Sora is finally here, but Juan Wang Keling has already "filmed" an AI movie

Sora is finally here, but Juan Wang Keling has already

Image source: generated by Unbounded AI

This time, it is the turn of the famous directors to come to terms with their lives.

The opening of the short film is quite shocking: Zhong Kui holds a ghost-slaying sword and walks through a dark forest with twisting branches.

Accompanied by a burst of fast-paced gongs and drums, hare spirits, toad spirits, and skeleton-covered dryads appeared one after another, creating a tense and terrifying atmosphere.

But after a long drink, the camera turned, and the four words "Do Not Disturb" popped up on the phone screen, with various intercepted information scrolling underneath:

Automatic accounting APP , multi-person video conference, 4 calls from unknown numbers, 183 WeChat group messages, jump links to risky websites, and a call from the big boss...

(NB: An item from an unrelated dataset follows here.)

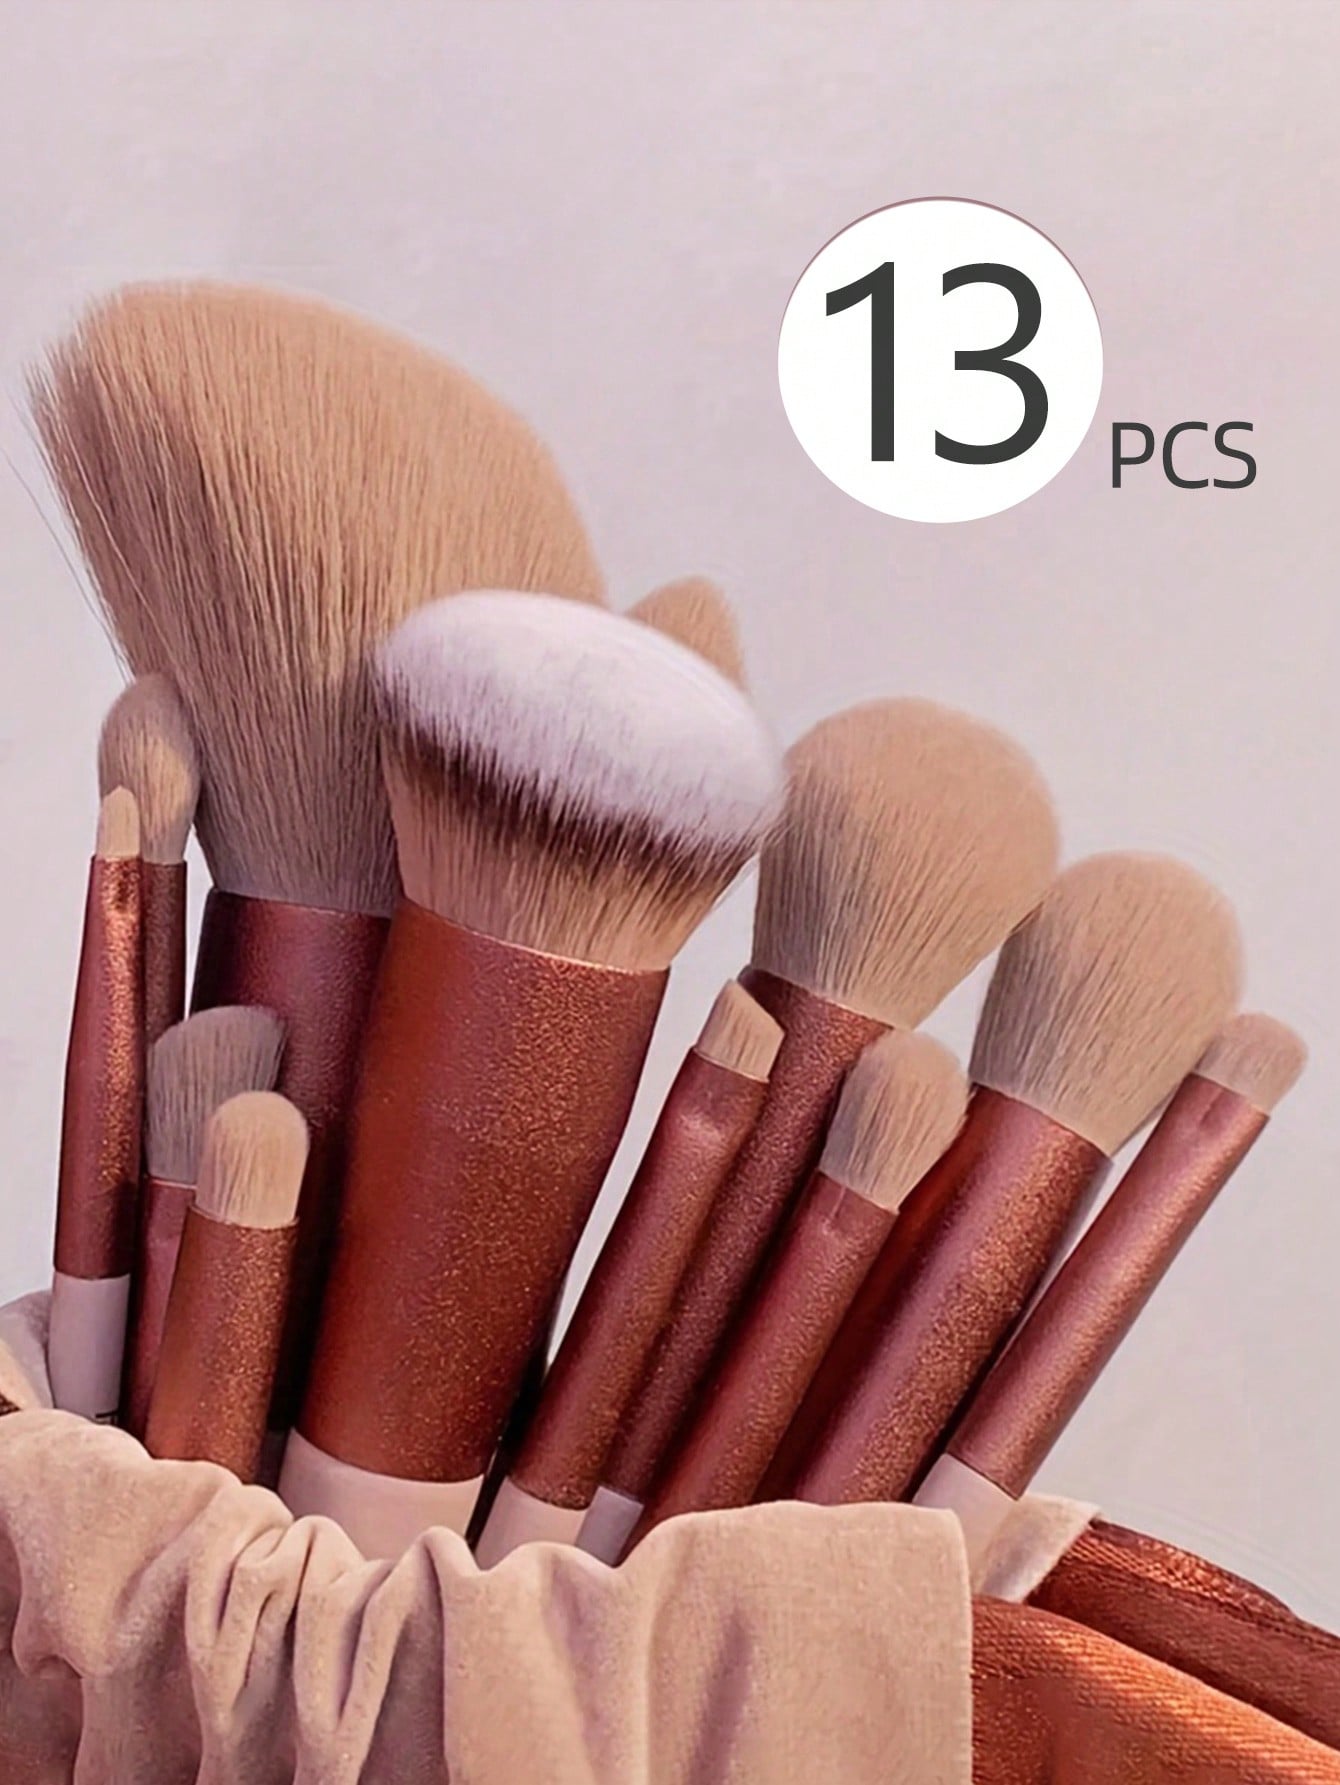 13Pcs Portable Makeup Brush Set For Blush, Makeup Brushes Set,Eyeshadow Cosmetic Brush Set Blush Brush Makeup Tools,Maillard,Essential For Home,Travel Size,Easy To Store,Clothing Matching - Negative Apparel

The last screen slowly displayed "During vacation" , subtitles "Don't disturb a hundred ghosts". I thought it was a Chinese fantasy film, but I didn't expect it to be a workplace complaint film.

What is even more surprising is that this 5-minute short film created by director Yu Baimei was completely produced by Keling AI.

As early as three months ago, Kuaishou Keling AI jointly launched 9 well-known directors including Li Shaohong, Jia Zhangke, Ye Jintian, Xue Xiaolu, Yu Baimei, Dong Runnian, Zhang Chiyu, Wang Zichuan, and Wang Maomao Participated in the "Keling AI Director Co-creation Project" and produced 9 AIGC short films.

Jia Zhangke, who laughs at himself for not being able to write scripts in Mandarin, used the "lip-syncing" function of Keling AI in his first AIGC short film "Wheat Harvest" to make the robot speak Shanxi Fenyang dialect.

Tim Yip, the art director of "Crouching Tiger, Hidden Dragon", used the "first and last frame" function of Keling AI to depict the adventure of an alien courier in space. Through AI technology, every frame is so realistic that it makes people feel like they are in a real space world.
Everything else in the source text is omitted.